Hurtwood
 

Printing Platinum

Platinum prints, also called platinotypes, are photographic prints made by a monochrome printing process involving platinum. Tones range from warm black, to reddish brown, with expanded mid-tone greys that are difficult, if not impossible, to obtain in traditional silver prints.

 

Achieving the blackest of blacks

I first encountered platinum prints when I worked at Salto in Belgium. Unlike ‘normal’, silver bromide printing, platinum salts are used to print black and white photographs in the deepest of blacks and with the eternal permanence of platinum.

In black and white photography, the quality of the picture depends entirely on the depth of black that can be achieved as, the deeper the black, the more shades of grey that can live between black and white: and the more shades of grey, the more detail and interest you can bring to life. Simple really.
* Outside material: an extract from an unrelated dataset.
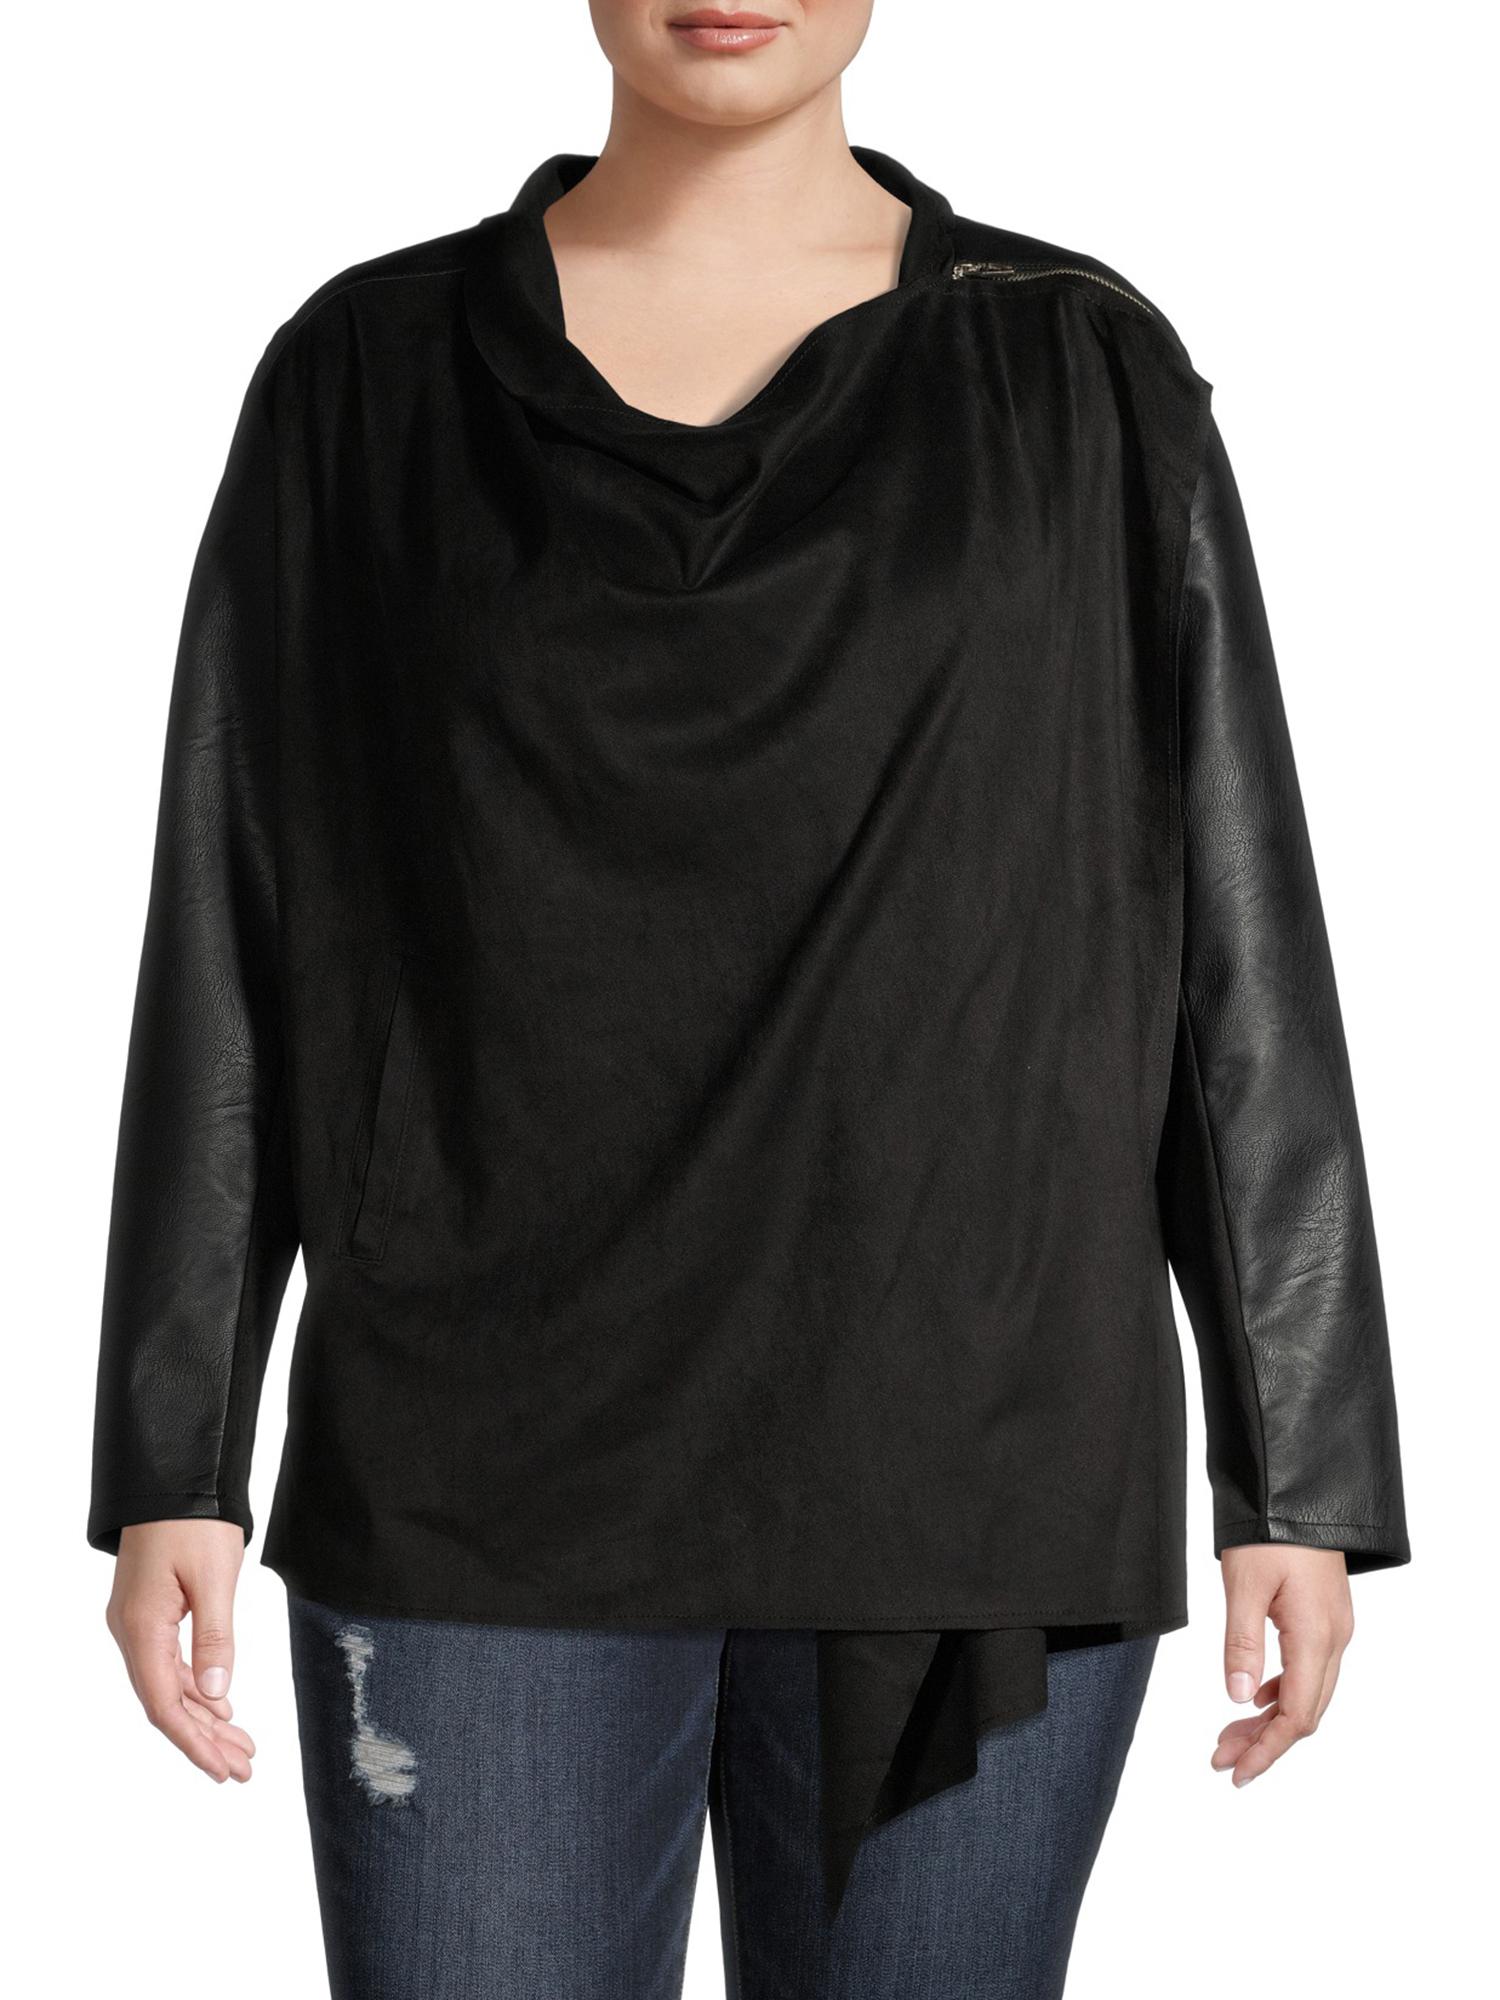 https://d17dh3qz5tugbu.cloudfront.net/production/products/images/1114432/original/alivia-ford-women-s-plus-size-drape-front-vegan-leather-jacket-with-zipper-detail.jpg?1616241618

Unfortunately, achieving really dense blacks in offset-litho printing is anything but simple. Offset lithography inks are transparent (most people imagine ink to be opaque, but it’s their transparency that allows multiple colours to be obtained from the mixing of cyan, magenta, yellow and black) so there is a limit to the density of black that can be achieved. At Salto, we were experimenting with ultra-fine screens to make digital negatives for our own platinum prints which were printed by the amazing photographer Amanda Lane, then in her studio at Canary Wharf, London.

 

A book for Linda McCartney

So when I was asked to reproduce an exhibition of platinum prints by Linda McCartney, I was well aware of the problems inherent in the process. Making a book is one thing, but making a book that will be compared to the originals in the gallery setting and where the paper is uncoated is quite another.

We started with the originals and these were scanned in RGB. We always scan in RGB as we want the maximum information from the scan. If you scan in greyscale or convert to CMYK, you are allowing the machine to make selections about what information to keep and what to discard. Better to reserve decisions like this to a human!

As I said at the start, the aim is to achieve the deepest, densest black and we decided could best achieve this using four colours – two greys and two blacks.

However, offset litho relies on the attraction (’tack’) of the paper being greater than that of the blanket carrying the ink in the press and if it isn’t you will have ‘refusal’ whereby the ink stays on the press and won’t transfer to the paper. This usually happens when you have more than two or three solid colours printing on top of one another and you are attempting to transfer wet ink to a surface of wet ink. Since this image needed four solid colours to create the super-dense black, refusal was a real problem.

One way to get around this is to print one colour at a time, called ‘wet on dry’. In this way, there’s no refusal because the dry ink accepts fresh wet ink. However, this is slow, expensive and unpredictable because you can’t be certain what it looks like until the final colour.

Instead, we chose another way and, on our four-colour press, we set up all the colours and ran the first sheets. Sure enough, the blacks were poor, but rather than run the work, we simply ensured it was all in register and looking good in all other respects before turning off all the colours bar the skeleton black (this is a slightly surreal version of the image and the densest printing colour) and running the paper through as a single colour work. However, immediately the sheets were run, we wheeled them back to the front of the press and ran them through again, only now with the remaining colours turned on.

 

It looked stunning, and represented the best results I’ve seen for offset lithographic printing save wet on dry. I suppose, you could say it was Wet, Wet, Wet on dry… although I definitely preferred Wings!